そんな臨海都市コントンの裏路地を、息を切らして必死に走り抜ける少女の姿があった。
ダボッ! としたオーバーオールを着込み、短く切りそろえた真っ赤な髪を隠すように帽子を
「居たぞ、お前ら! アソコだ!」
「逃がすな、追え! 船長に殺されたくなければ何としても捕まえるんだ!」
「待てや小娘ぇぇぇぇぇぇっ!」
男たちの……海賊たちの怒声が少女の、ミヒャエルの肌を叩く。
ミヒャエルは今にも崩れ落ちそうになる足を叱責しながら、首に下げた琥珀色のネックレスを握りしめた。
「誰か待つか! 父さんの形見は誰にも渡さない!」
半ば怒鳴るようにそう叫びながら、ミヒャエルは1人確信していた。
やっぱり父さんの言う通り、この形見のネックレスがアトランティスの鍵なんだ!
あの海賊たちの間で幻と言われた伝説の
辿り着けばこの世の全てを手に入れることが出来ると言われている、黄金の都。
巨万の富も、圧倒的な力も全てが手に入る。
まさに海賊の夢を具現化したような都市。
「夢物語じゃない。やっぱりアトランティスは本当にあったんだ!」
父さんは嘘吐きじゃなかった!
嘘つきじゃなかったんだ!
ミヒャエルの胸に喜びの感情が沸き起こる。
が、すぐさまソレは不安の荒波に押し流されてしまった。
「そうだ、父さんは言っていた。アトランティスは夢の都じゃないって」
小さい頃から耳にタコが出来るほど聞かされた父の言葉がミヒャエルの脳内で再生される。
アトランティスを蘇らせてはならない。
アレは夢の詰まった黄金の国ではない。
アトランティスが蘇れば、この世界は一瞬で人の住めない星になるだろう。
だからこそ、父さん達の一族はアトランティスがこの世に蘇らないように、この封印の石を代々守り続けているんだよ――と。

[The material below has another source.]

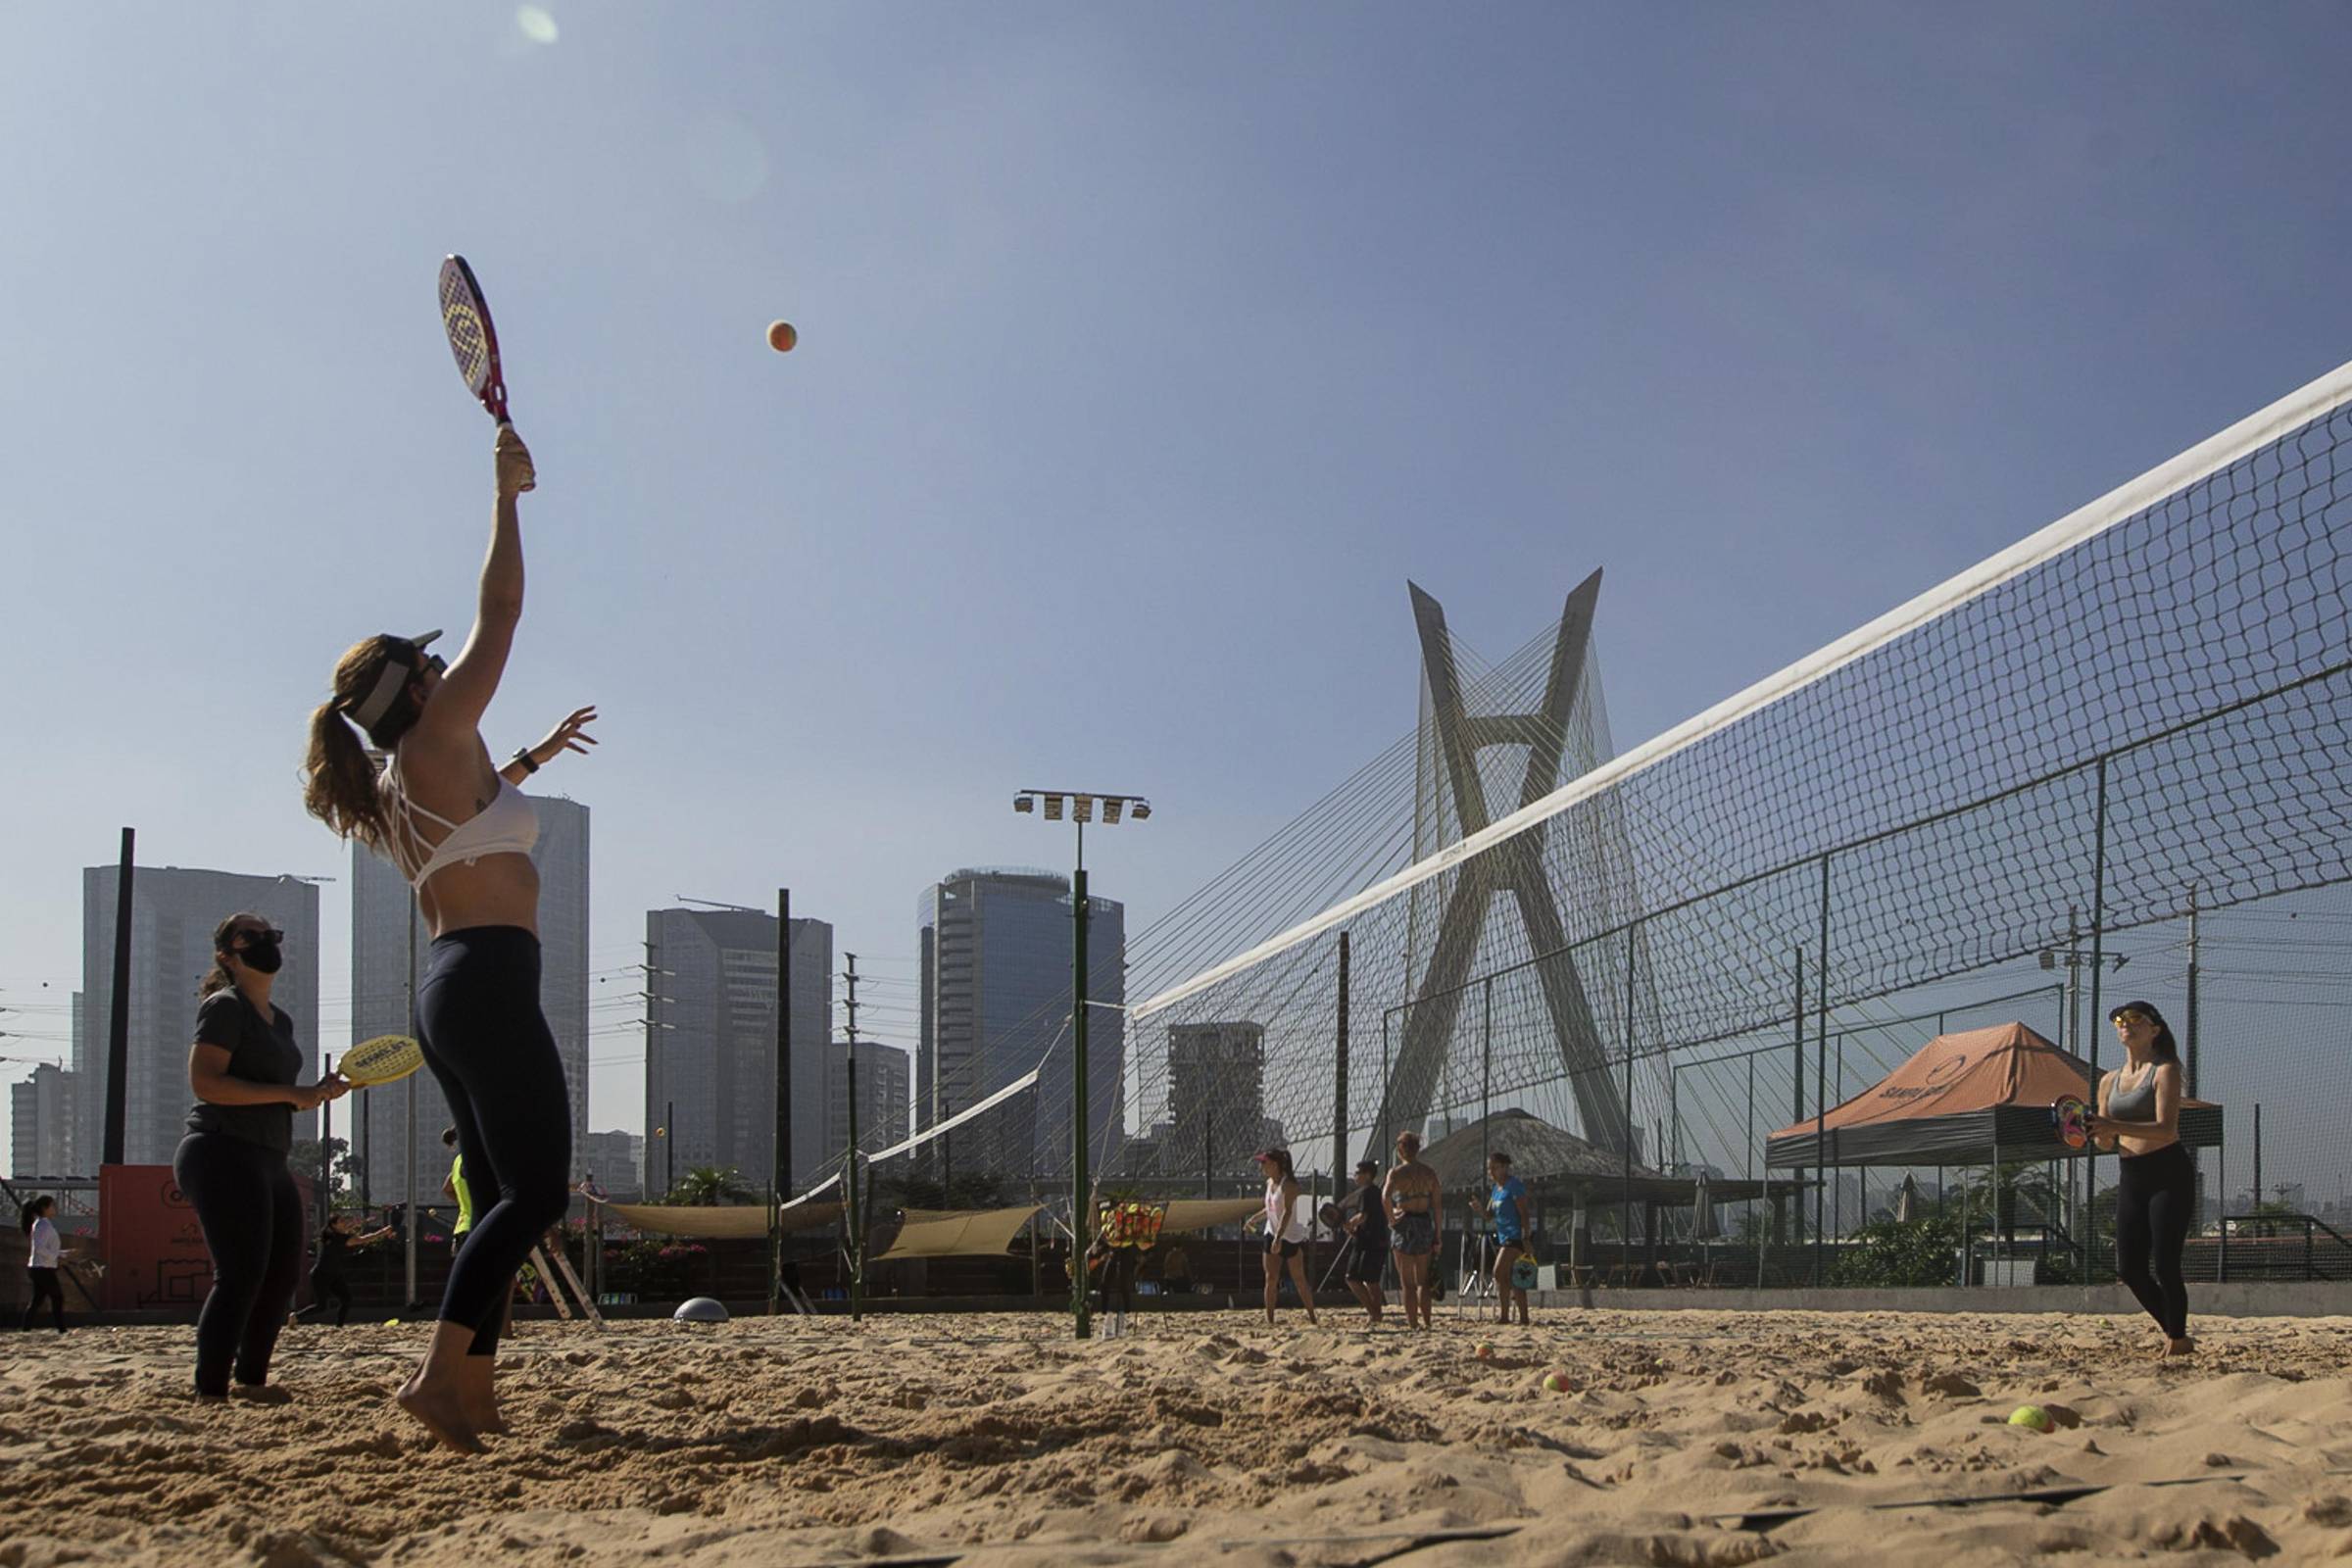 Beach tennis courts multiply by SP and become São Paulo beach in the

そう言って見せてくれた琥珀色のネックレスは、今や自分の首にかかっている。
父さんはもう居ない。
つまり、この世界を守れるのはもう自分しかいないのだ。
「この世界は終わらせない! 父さんの意思は、一族の誇りはアタシが守る!」
ミヒャエルは海賊たちを振り切るべく、人通りの多い表通りへと飛び出した。
その瞬間、
「もう元気だしてくださいよ、勇者様ぁ~? いつまでクヨクヨしているんですか?」
「アリアさんには分からないだろうね。世界に1本しかないジョイスティック、いやアナログスティックをお釈迦にされた男の気持ちなんてなぁ!」
「不貞腐れないでくださいよ? いいじゃないですか、どうせ使い道なんて無かったんですから」
「なにをぉぉぉぉっ!? って、うぉ!?」
「ひゃっ!?」
――ドンッ!
ミヒャエルは観光客らしき男とぶつかった。
コテンッ! とその場で尻もちをつくミヒャエル。
そんな少女を心配するように、男の隣に居た銀髪の美女がミヒャエルに声をかけた。
「大丈夫ですか、僕!? もうっ! 勇者様が前を見て歩かないから!」
「えっ、俺のせい? もとは言えば、この坊主が……あっ、何でもないです」
男は『アリア』と呼ばれた美女に睨まれ、シュン……と肩を落とした。
この息の合ったやり取り、この町に観光にきた夫婦だろうか?
とミヒャエルがそんな事を考えていると、スッ! と『勇者様』と呼ばれていた男が自分に手を差し伸べてきた。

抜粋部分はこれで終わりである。